Designed to permit students majoring in another field to pursue a program of study in biology, this minor includes the fundamentals of biology as well as electives allowing students to focus on an area of interest or career relevance.
|Minor Requirements (20 credits)
|Cells and Molecules
|Evolution and Ecology
|Two 200+ level BIO or INBIO electives 1
Upon completion of the Biology minor students will:
- Demonstrate understanding of biological diversity, the diversity of subspecies, species, and higher level taxa or clades, the phylogenetic relationships of those taxa, and the features that distinguish specific lineages or taxa. This concept does not include genetic or phenotypic diversity of individuals within a species..
- Demonstrate understanding of evolution, the change in the hereditary characteristics of groups of organisms over the course of generations. It encompasses several subdisciplines: behavioral evolution, evolutionary developmental biology, evolutionary ecology, evolutionary genetics, evolutionary systematics, paleontology, and molecular evolution.
- Demonstrate understanding of sub-organismal biology, the structure, function, and evolution of the components of individual organisms, from the molecular level to tissue and /or organ-system level. This includes, but is not limited to, biochemistry and metabolism, proteomics, genetics, molecular and cell biology, neurobiology, and physiology..

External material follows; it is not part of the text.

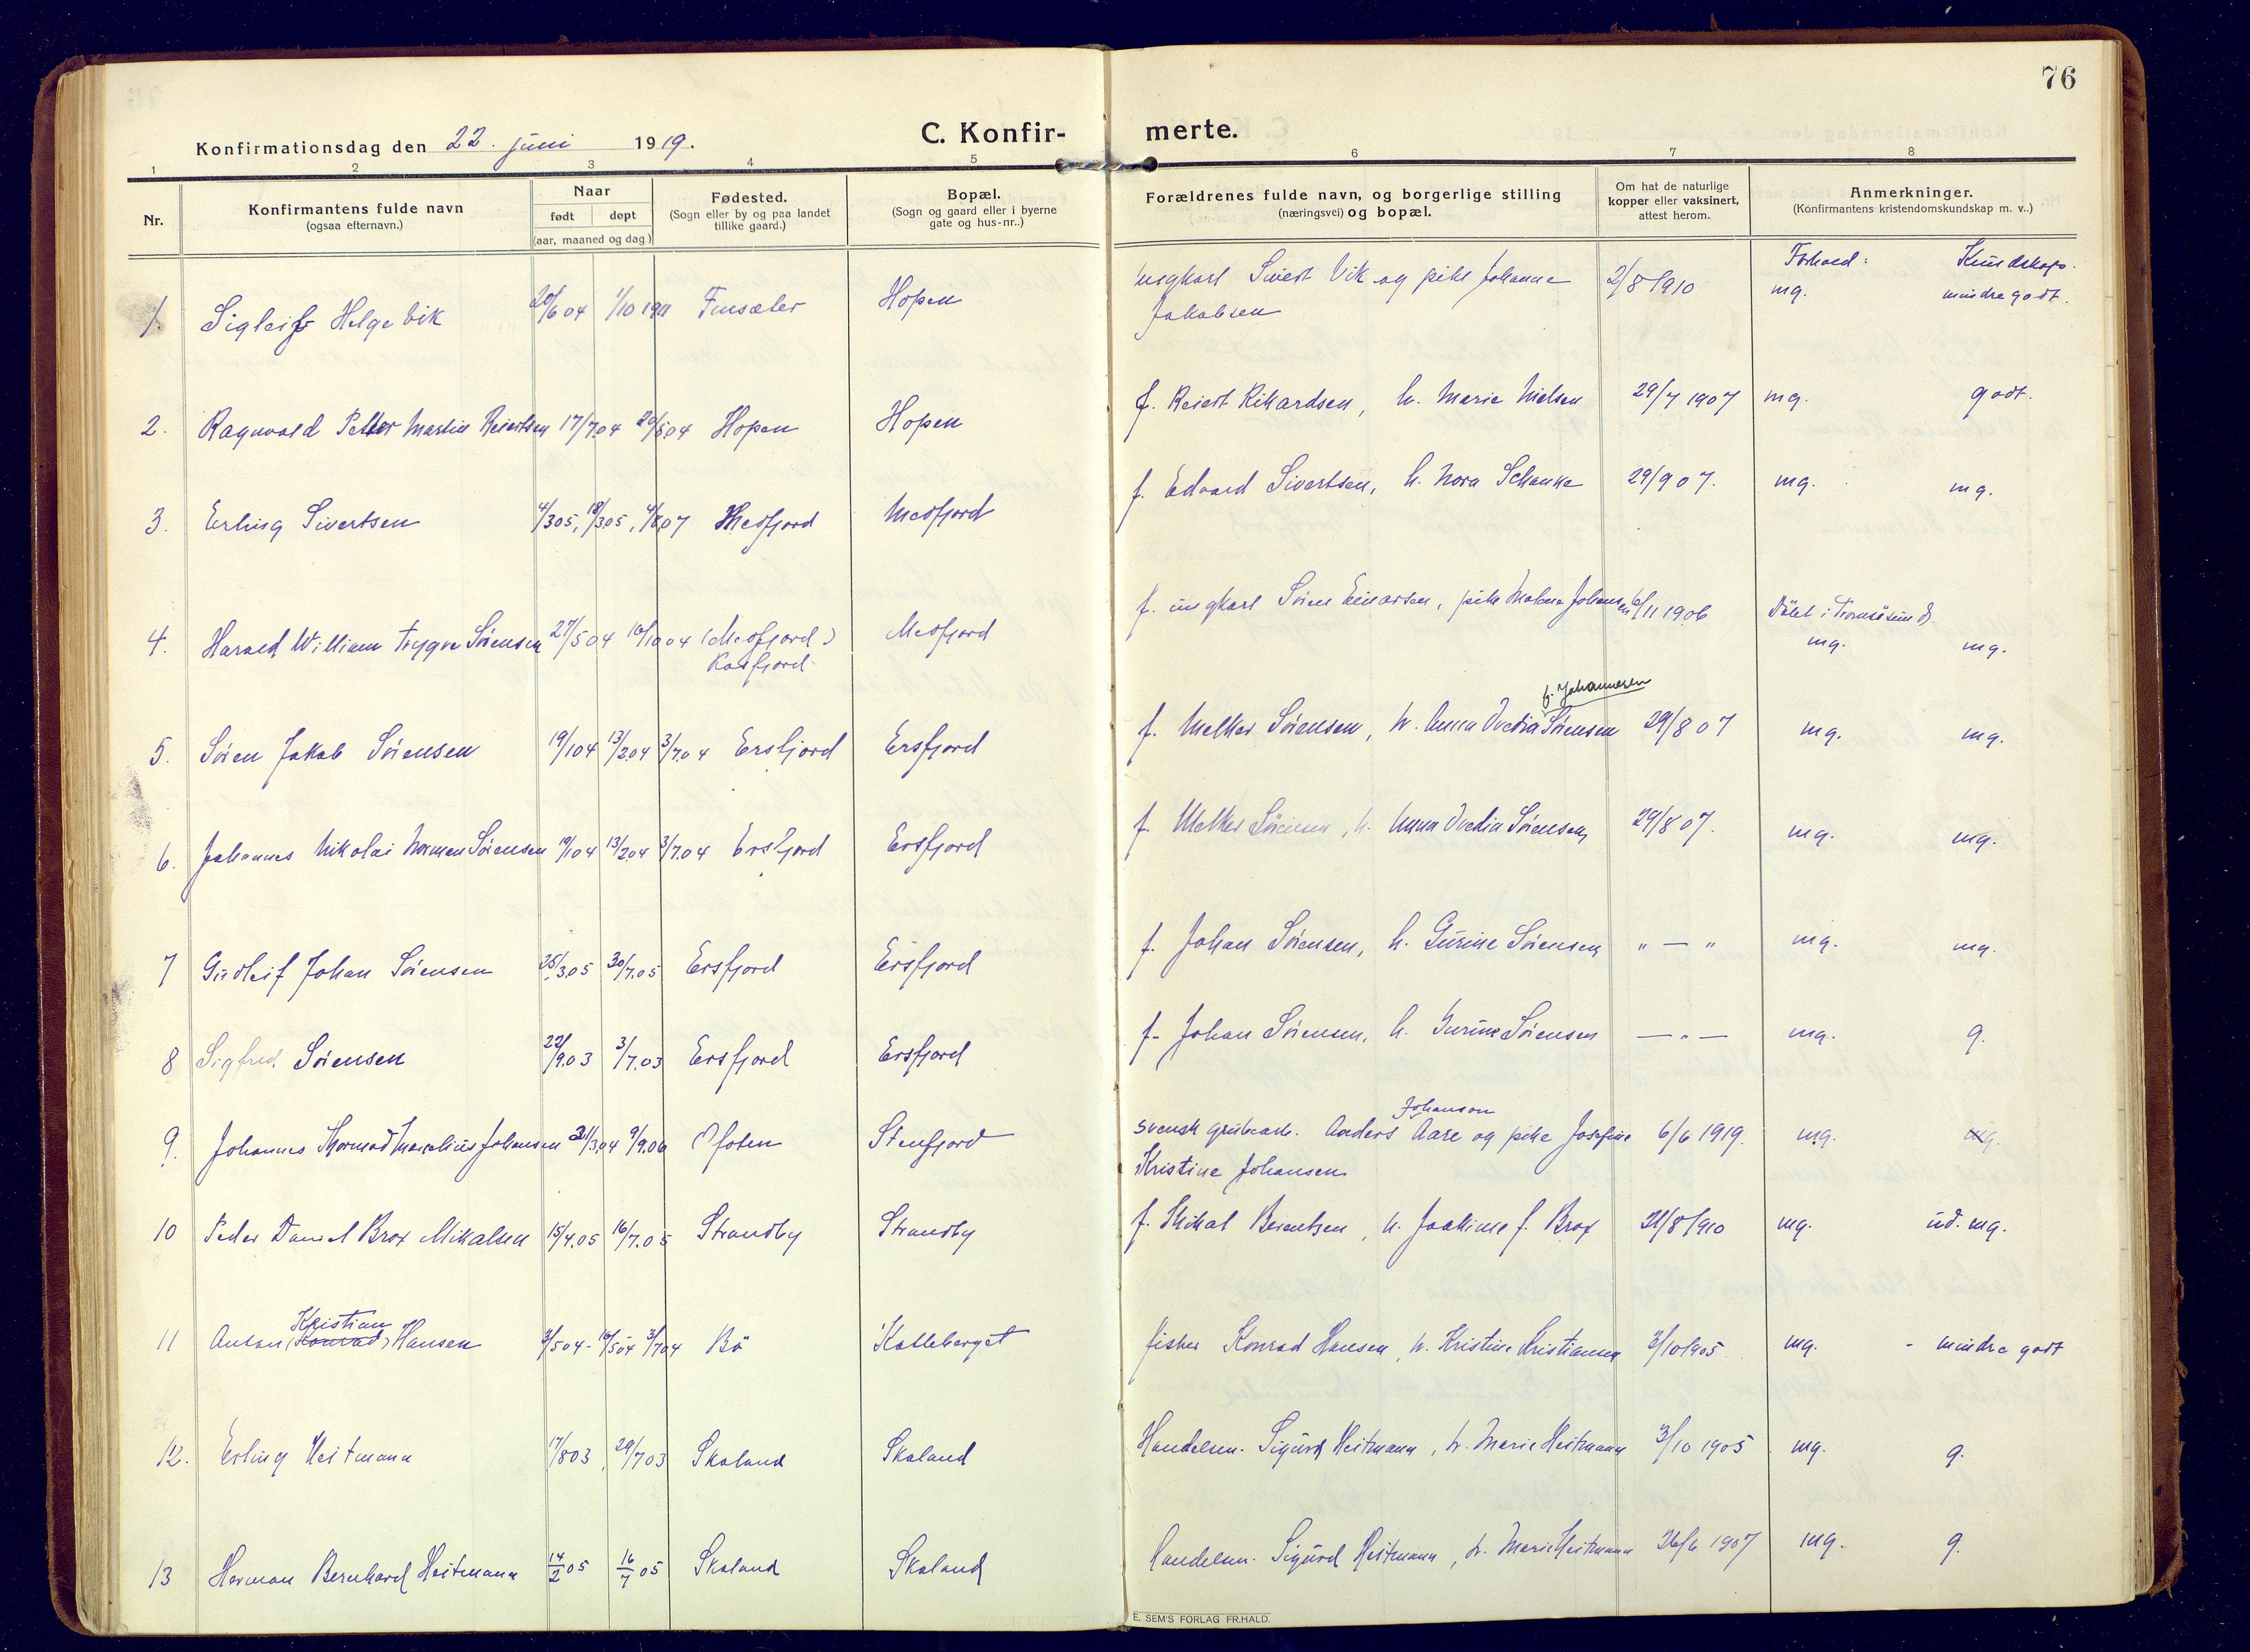 SATØ, Mefjord/Berg sokneprestkontor, G/Ga/Gaa: Ministerialbok nr. 9, 1916-1928, s. 76
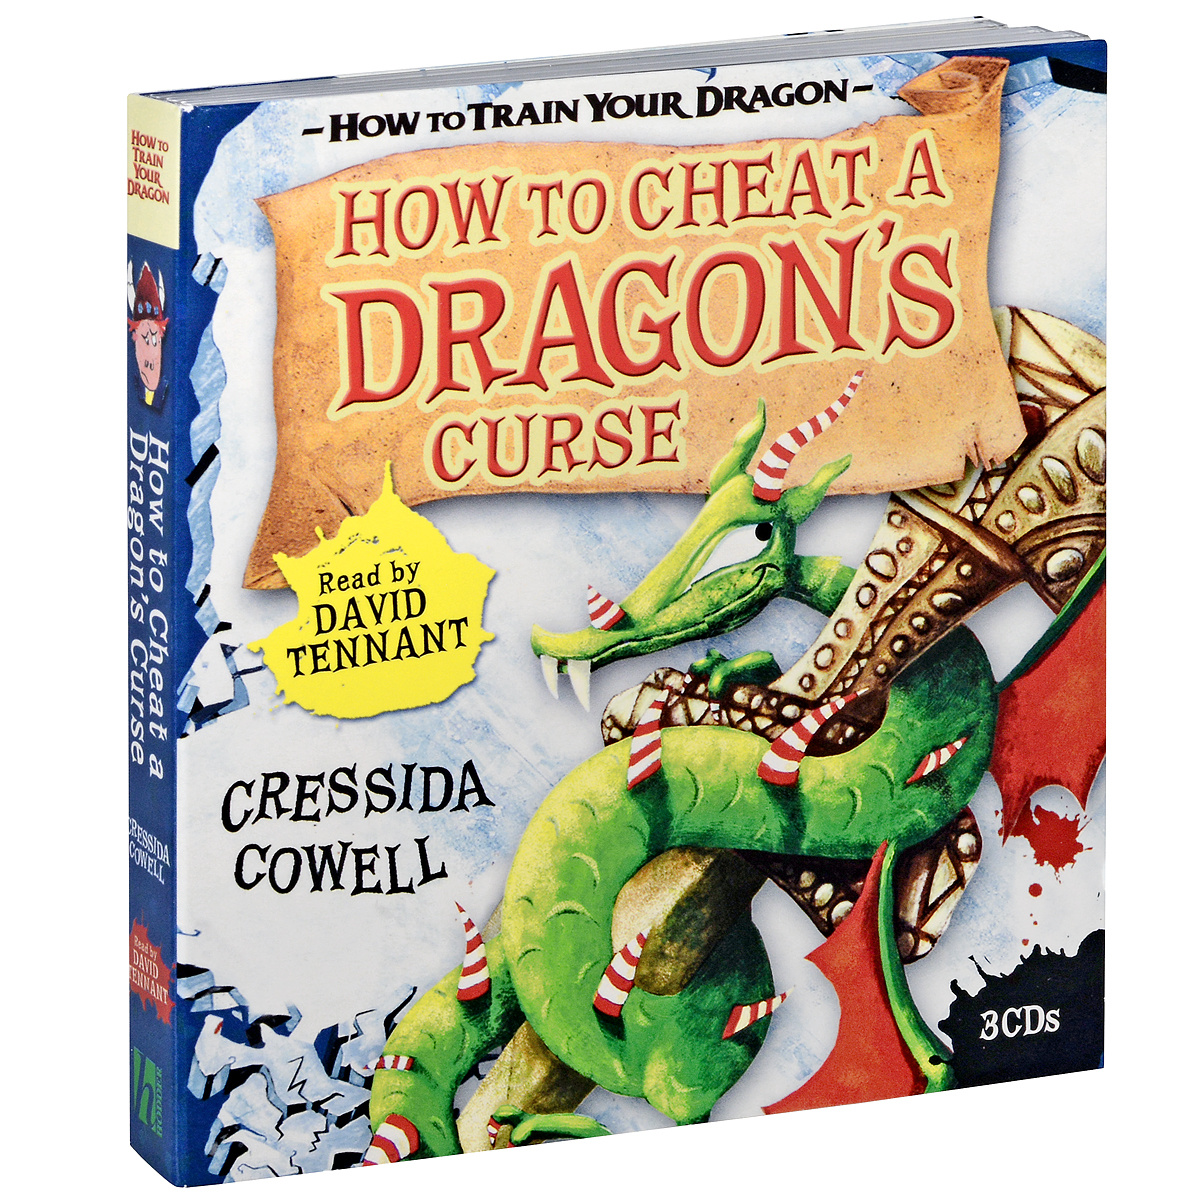 How to Cheat a Dragon's Curse (аудиокнига на 3 CD) | Коуэлл Крессида #1

- Demonstrate understanding of organismal biology, individual organisms and their structures and processes, such as reproduction, development, life cycle events, ecophysiology, behavior, feeding, locomotion, dispersal, and mortality. Whether applied to single-celled microorganisms or to complex multicellular organisms, 'organismal' denotes specific modes of survival and reproduction and refers to the target or object of natural selection.
- Demonstrate understanding of supra-organismal biology, the populations, communities, ecosystems and other higher levels of biological organization such as landscape, biome or biosphere. It includes focus on patterns of diversity, community succession, species interactions, behavioral ecology, population dynamics, trophic structure, nutrient cycling, and energy flow.
- Be able to develop testable hypotheses, design experiments to test hypotheses, and conduct experiments including data collection, analysis, interpretation and presentation. They will also be able to effectively search computer databases for relevant literature (primary and secondary) on scientific topics.
- Demonstrate critical thinking and communication skills, both oral and written, for the purposes of conveying biological information to professional scientists and the lay public.
- Develop intellectual independence, scientific literacy, and an appreciation for the connections between biological science and society.